Classes had begun again at the Academic Credit Union; the subject of rhetoric had not been eliminated, it was true, but the end was approaching; Monsieur Richelot had only one student, and if he were to withdraw, what would become of the impoverished old professor? Yet just such an eventuality might occur from one day to the next, and the professor of rhetoric be dismissed. "I'm not concerned for myself, " Lucy said, "but I am worried about poor Grandfather!"
"I'll be here, won't I?" Michel declared, but he spoke with so little conviction that Lucy dared not look at him. Michel felt a blush of helplessness rising to his face. And when he was alone: "I promised to be there— if only I can keep my promise! Onward—to work!" And he returned to his room.
Many days
passed; many fine notions blossomed in the young man's brain and assumed delightful forms under his pen. Finally his book was done, if such a book can ever be said to be done. He entitled the poems Hopes, and indeed his pride required all his poetry in order still to hope.
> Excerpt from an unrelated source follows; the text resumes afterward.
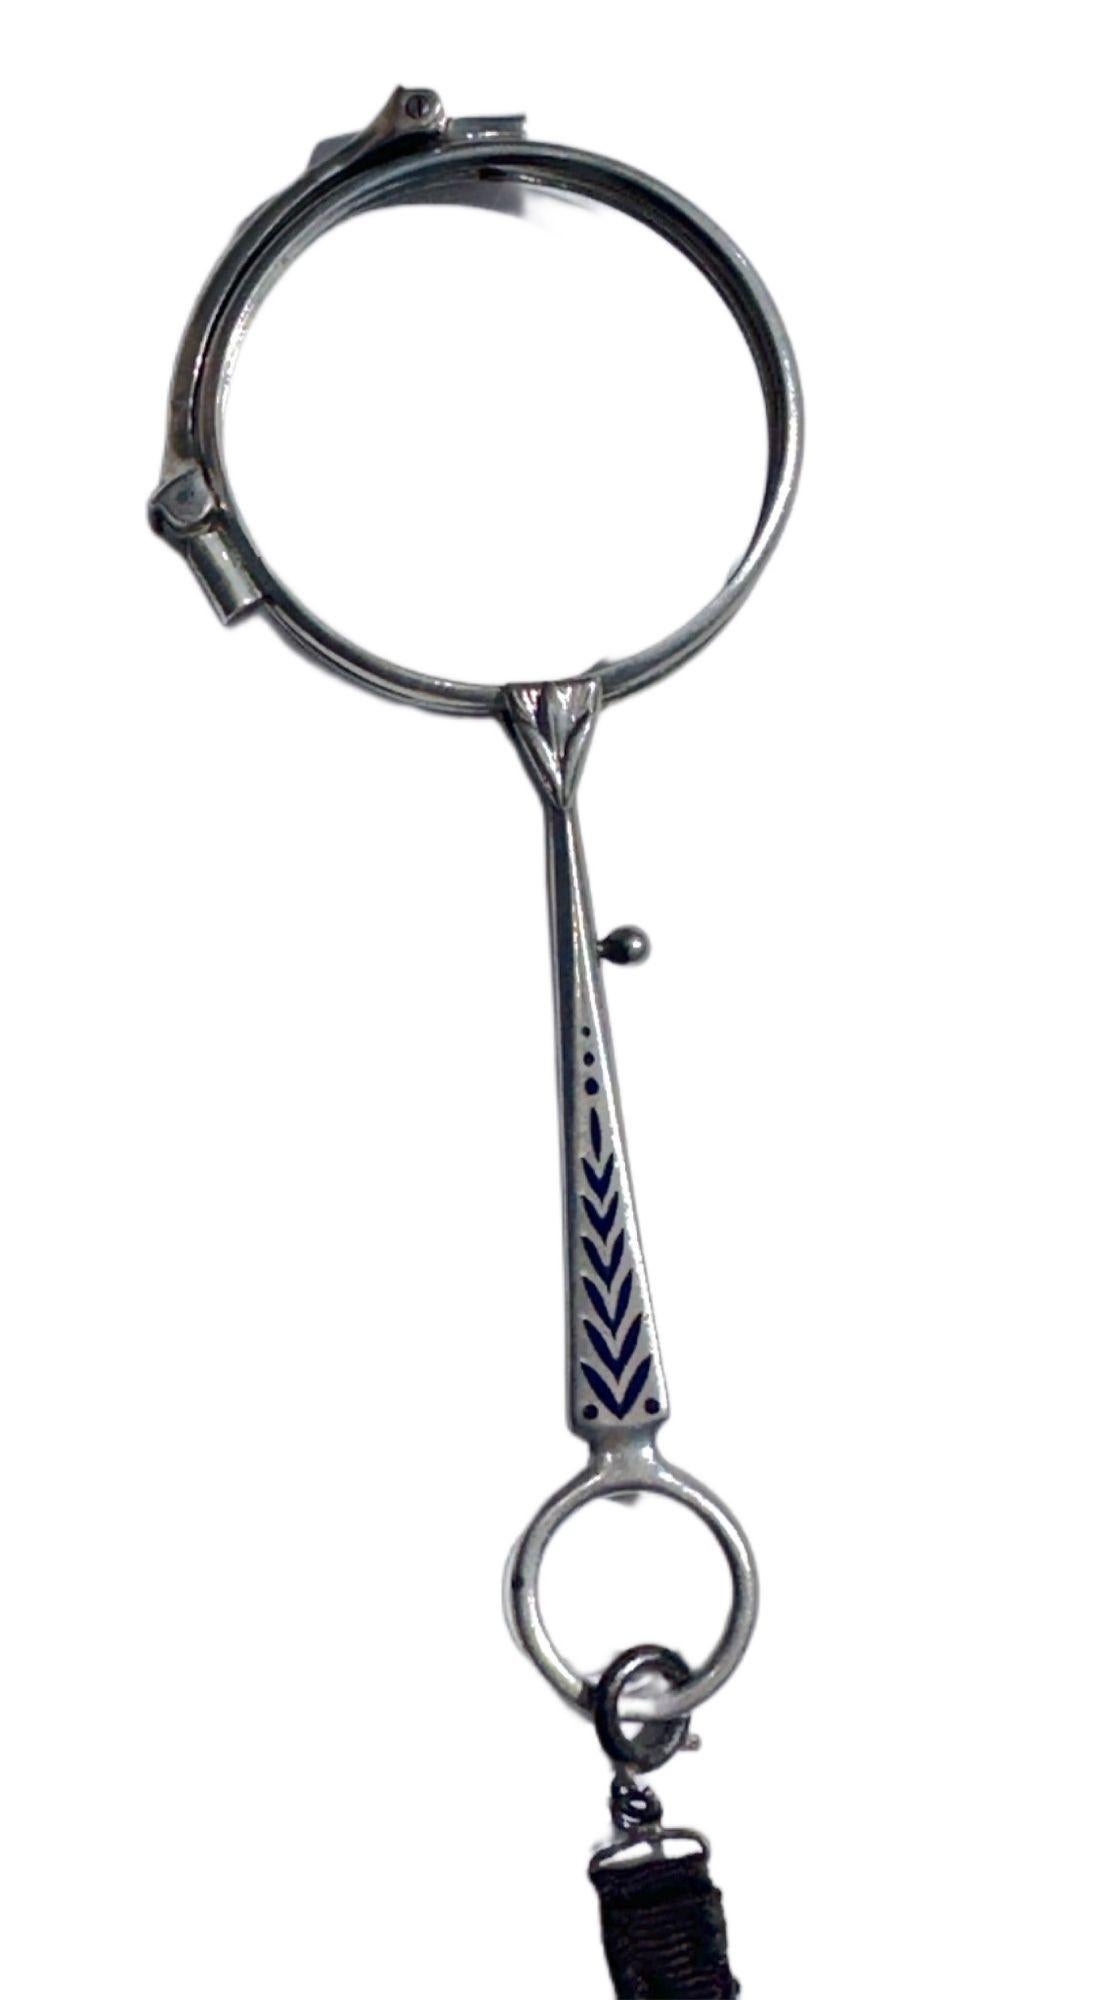 Silver Made in Germany Stamp Lorgnette with Lapis Lazuli Inlay on Handle. Has a quick-release trigger to allow quick access to bifocals. No Glass included.
A lorgnette is a stylish handheld optical accessory that gained popularity in the late 18th

Then Michel began his great siege of the publishers; it is unnecessary to report the predictable scene which followed each of these harebrained attempts; not one publisher consented even to read his book; such was all his payment for his paper, his ink, and his Hopes.
He returned in despair; his savings were dwindling to nothing; he thought of his professor; he sought manual labor, but everywhere machines were advantageously replacing human hands; there were no further resources; in another day and age, he might have sold his skin to some rich boy who wished to avoid conscription; such transactions were no longer possible.
December arrived, the month when everything fell due, cold, mournful, dark, the month which ends the year but not one's sufferings, the month which is generally unwanted in most existences. The most terrifying word in the French language, misère, was inscribed on Michel's forehead. His shirts yellowed and gradually fell to pieces, like leaves from the trees at the beginning of winter, and there was no spring to make them grow again. He grew ashamed of himself; his visits to the professor became less frequent, and to his uncle as well; he reeked of poverty; he offered as excuses important work, even absences from the city; he would have inspired pity, if pity had not been banished from the earth in this selfish age.
The winter of 1961-62 was particularly harsh; worse than those of 1789, of 1813, and 1829 for its rigor and length. In Paris, the cold set in on November 15, and the freeze continued uninterrupted until February 28; the snow reached a depth of seventy-five centimeters, and the ice in ponds and on several rivers a thickness of seventy centimeters; for fifteen days the thermometer fell to twenty-three degrees below freezing. The Seine froze over for forty-two days, and shipping was entirely interrupted.